RECORDS PROVIDED:

§

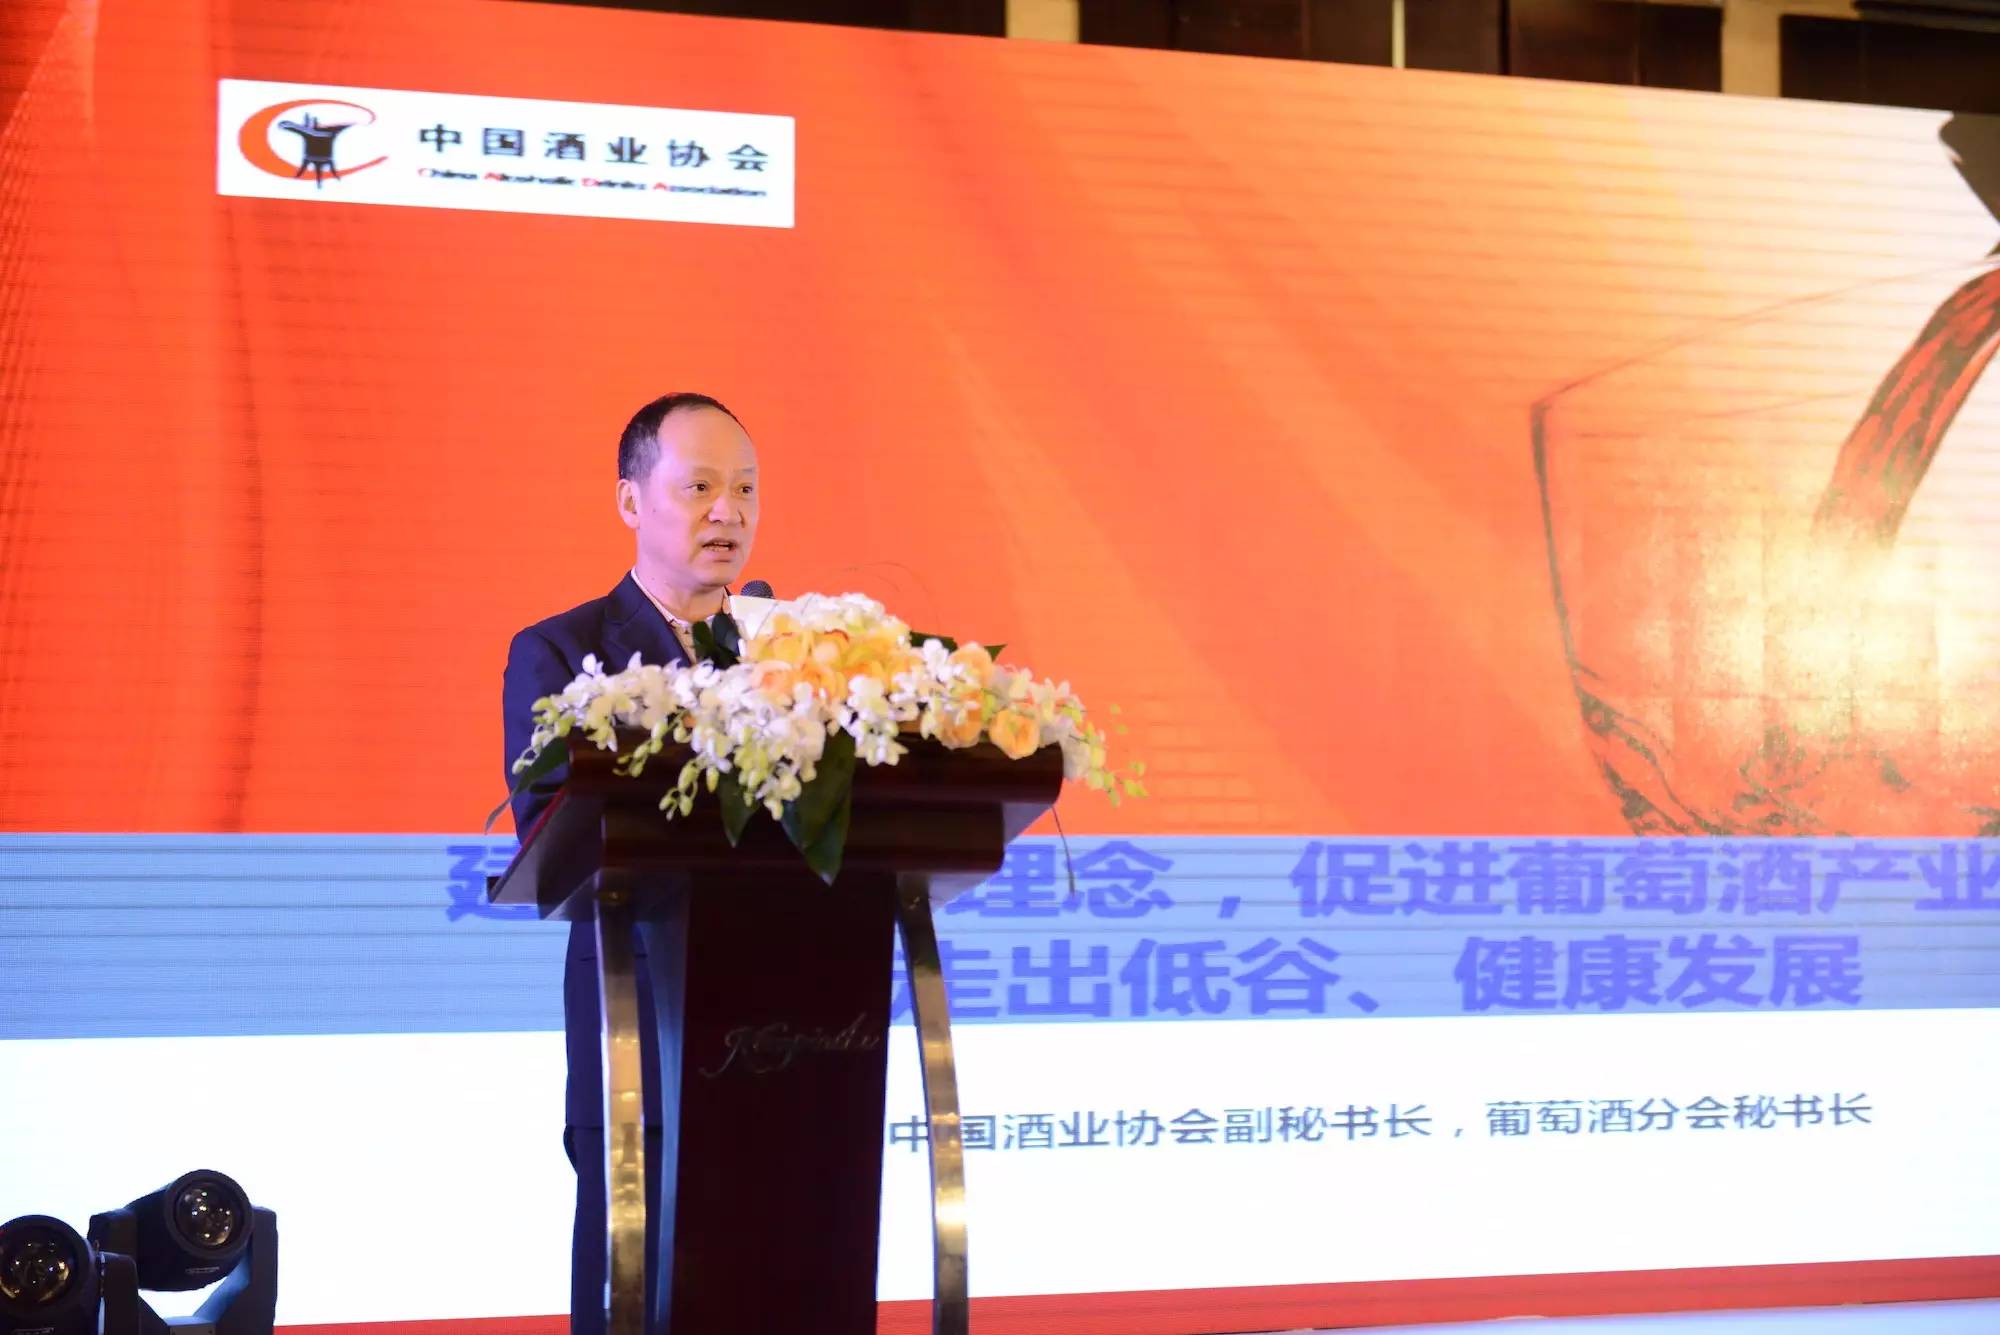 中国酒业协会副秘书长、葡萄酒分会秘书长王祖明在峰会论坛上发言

§

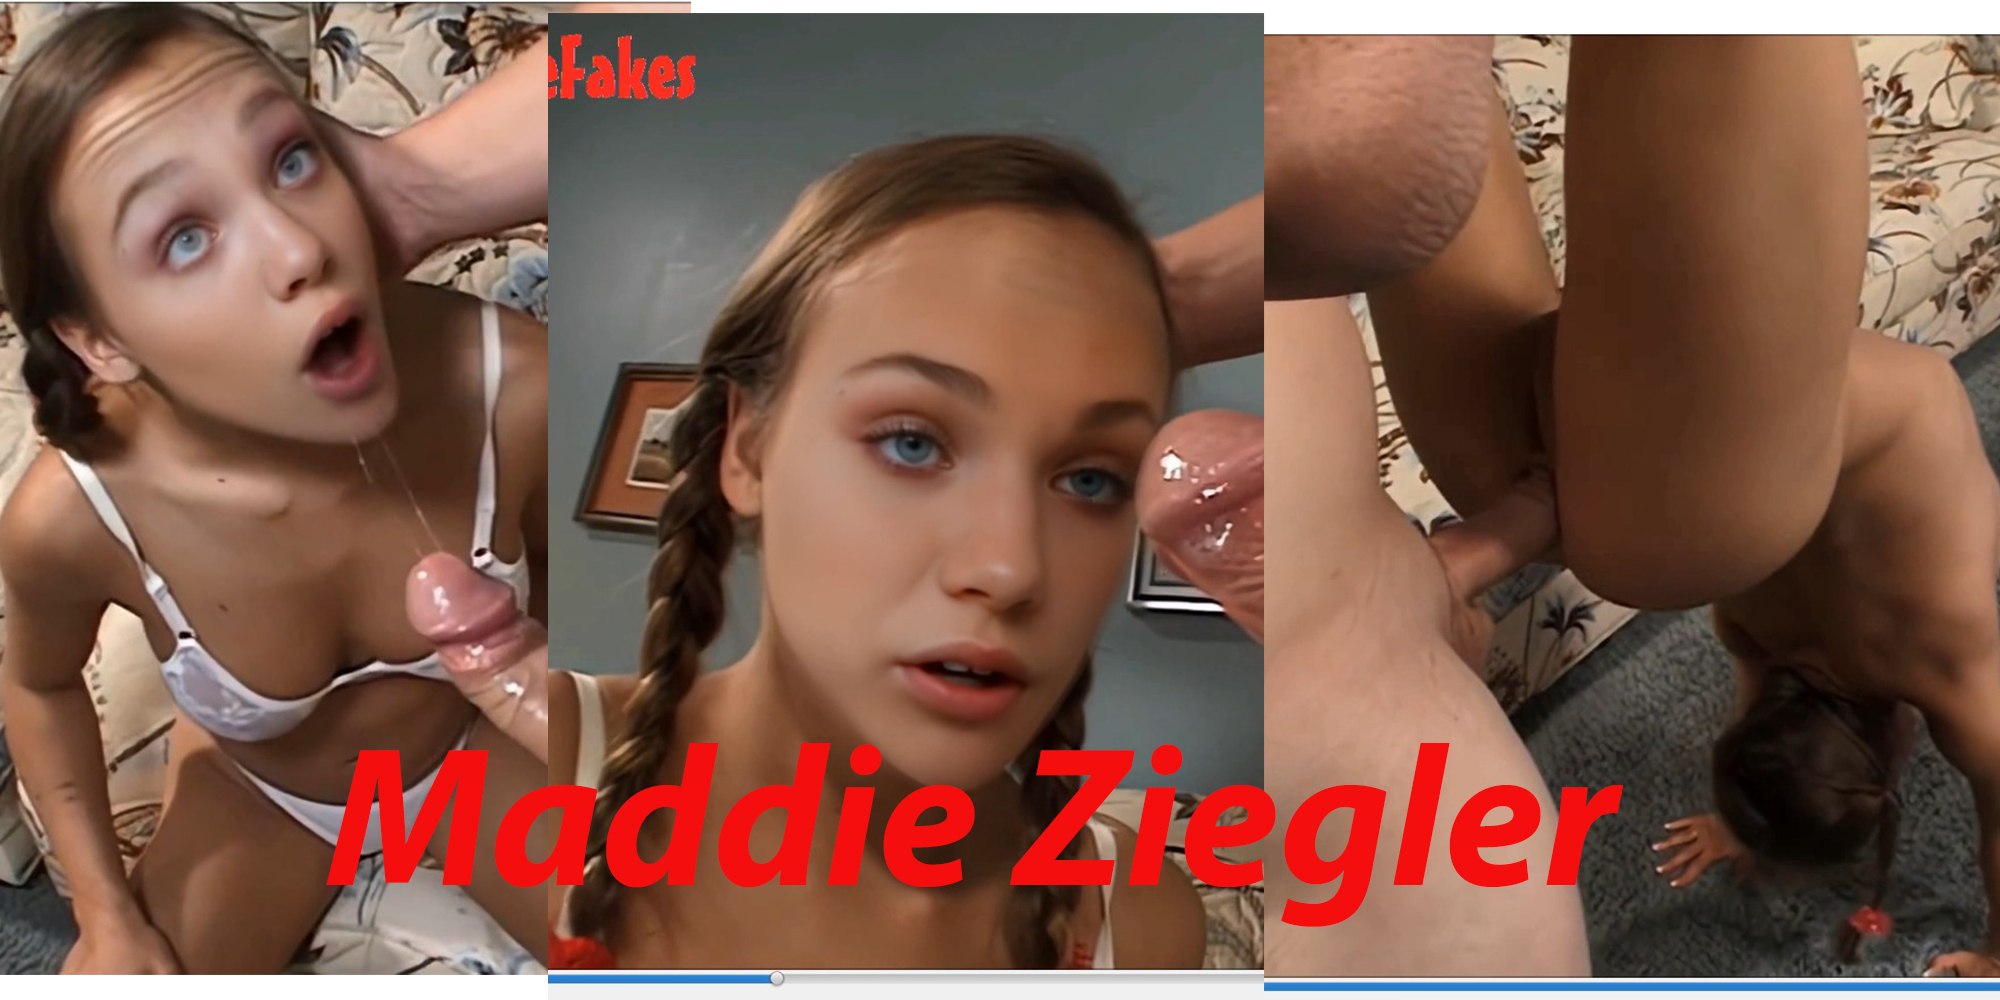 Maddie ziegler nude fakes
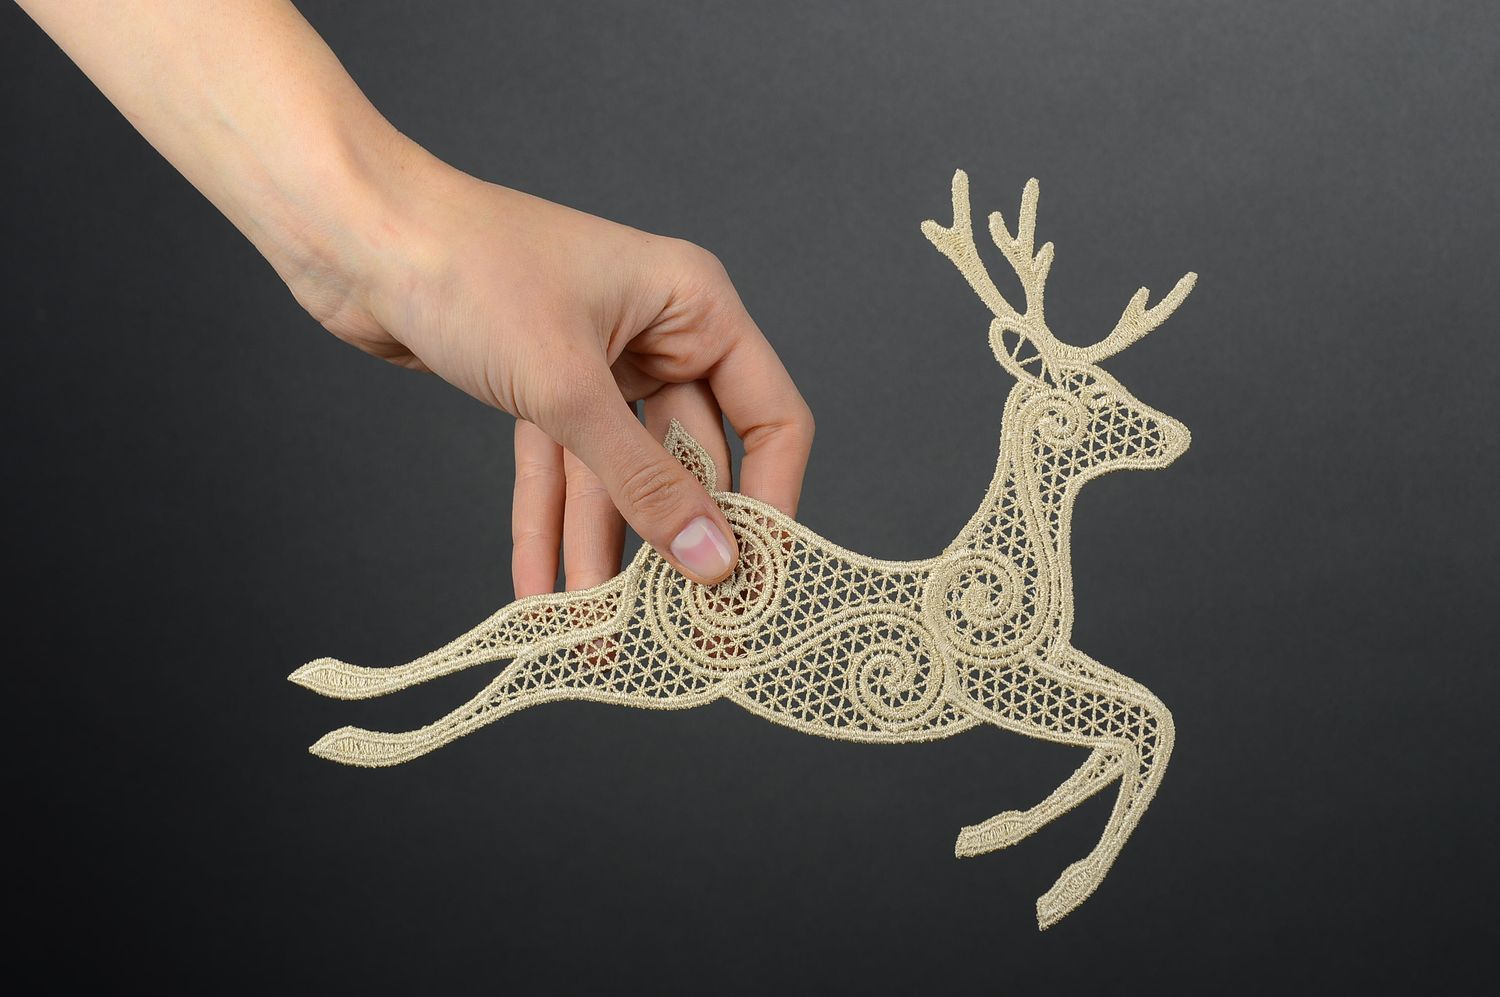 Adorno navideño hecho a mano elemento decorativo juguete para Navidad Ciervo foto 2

§

AIM OF THE TASK:
Using the entries above, extract exactly the lines from the one that contains "Maddie ziegler nude fakes" through the one that contains "Adorno navideño hecho". Do not carry over any pictures.

SOLUTION FOR THIS EXERCISE:
 Maddie ziegler nude fakes
 Adorno navideño hecho a mano elemento decorativo juguete para Navidad Ciervo foto 2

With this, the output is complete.